The optimal degree of lymph node dissection for gastric cancer is still matter of debate.
Particularly, there are serious doubts about the reproducibility of extended lymph node dissection in western surgical
units, and no studies to date have investigated factors influencing early results (mortality, major morbidity and reoperation
rates) during the learning curve.
Univariate and multivariate analysis of 19 variables on a prospective series of 313 consecutive resections for
gastric cancer performed by ten different surgeons.
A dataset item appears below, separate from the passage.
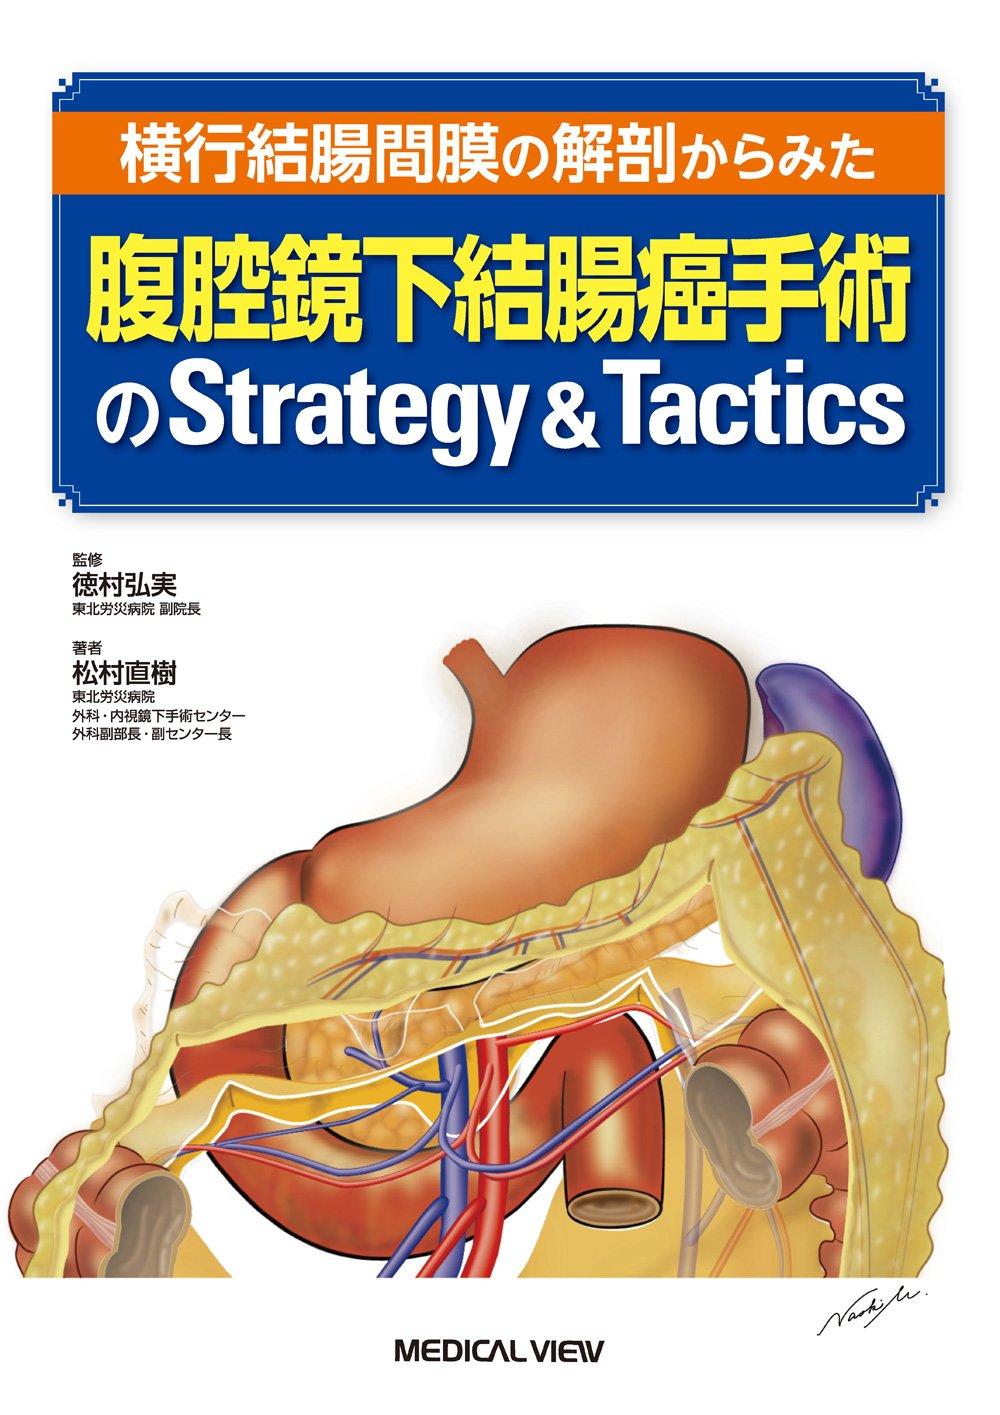 横行結腸間膜の解剖からみた 腹...
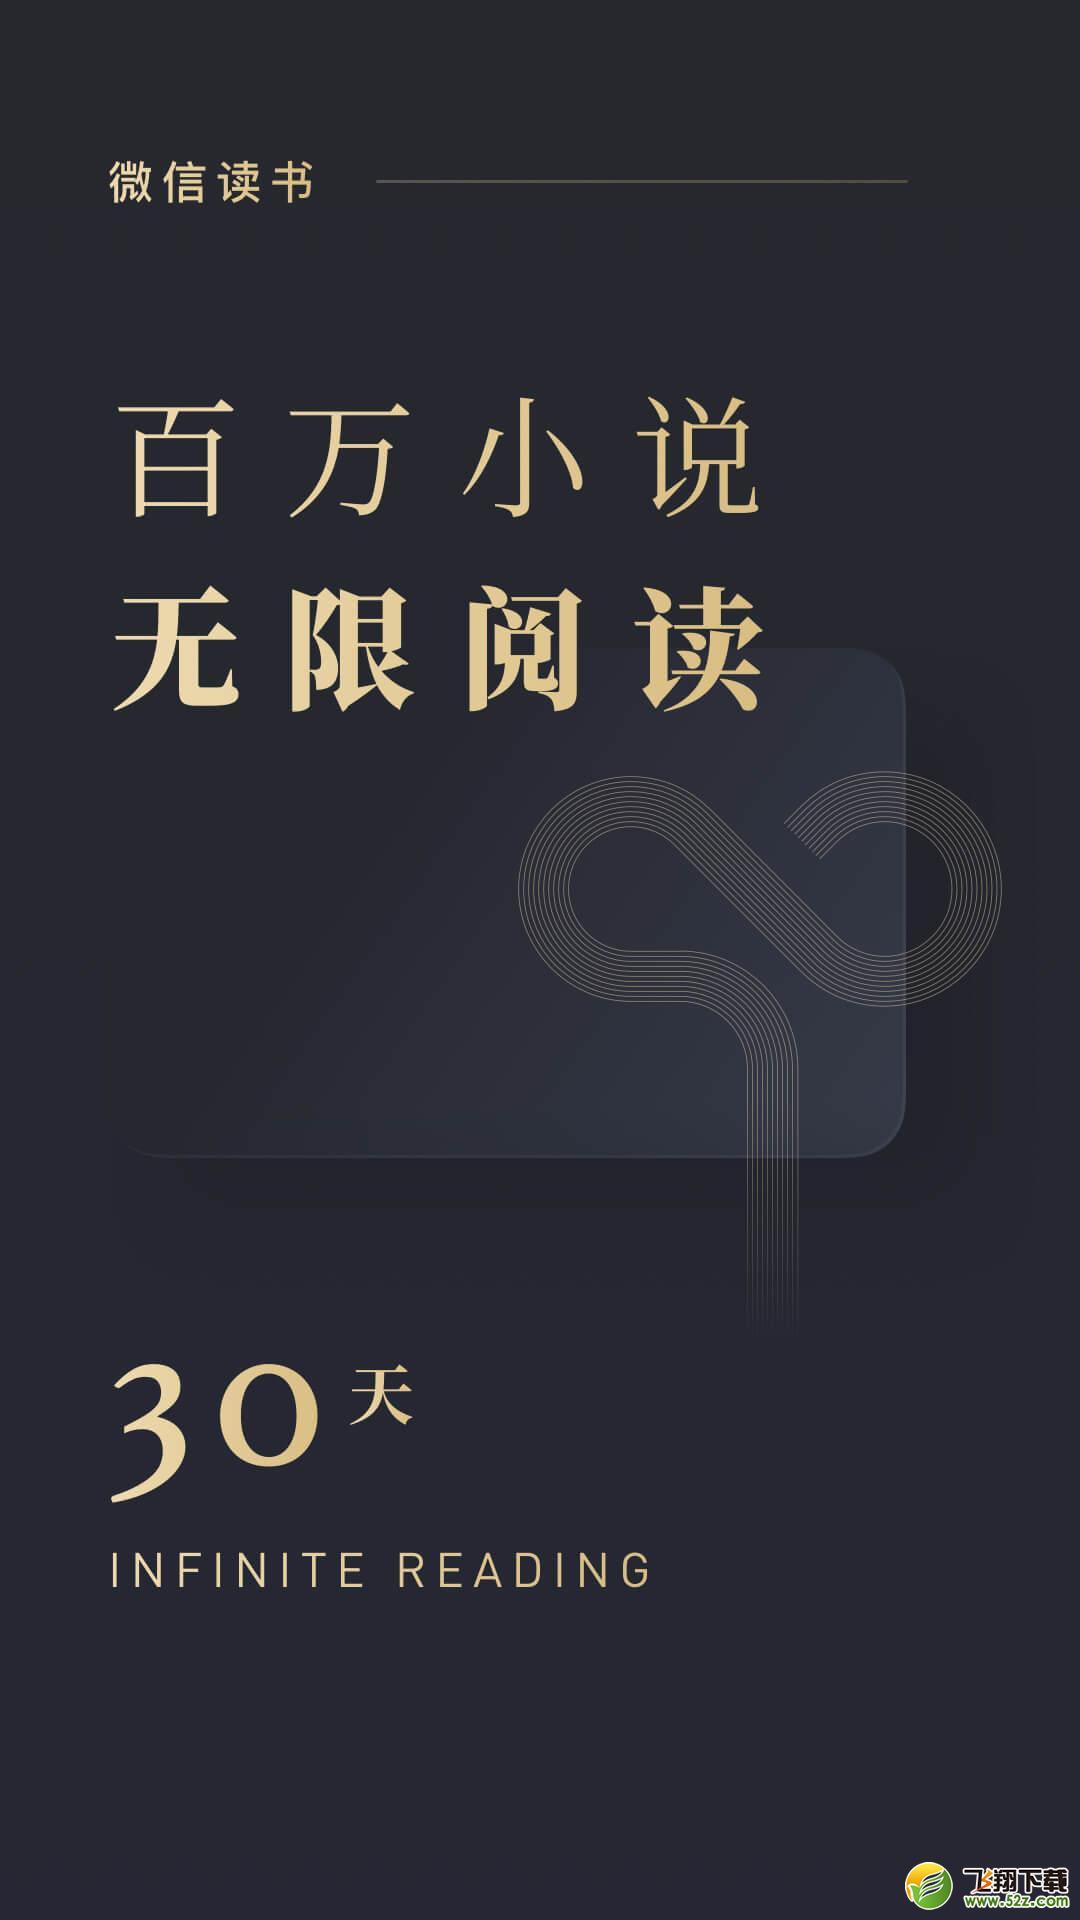 微信读书_52z.com

Endpoints were mortality, major morbidity and reoperation rates,
calculated within 60 days form the operation.
Early results were all independently influenced by the presence of comorbidities alone. ASA status III-IV vs I-II
determined a higher operative mortality rate (11.9% vs 0.5%; Odds Ratio 12.3; 95% c.i. 1.53 to 98.1; p .018), a higher
major morbidity rate (39.7% vs 16.6%; Odds Ratio 2.71; 95% c.i. 1.51 to 4.88; p .0008) and a higher reoperation rate
(9.5% vs 2.1%; Odds Ratio 4.81; 95% c.i. 1.51 to 15.3; p .008).
Extended lymph node dissection can be safely implemented into the clinical practice of a non-dedicated
western institution by providing adequate coaching from more expert surgeons. This implementation protocol led to
acceptable rates of operative morbi-mortality, independently influenced only by the comorbidity status.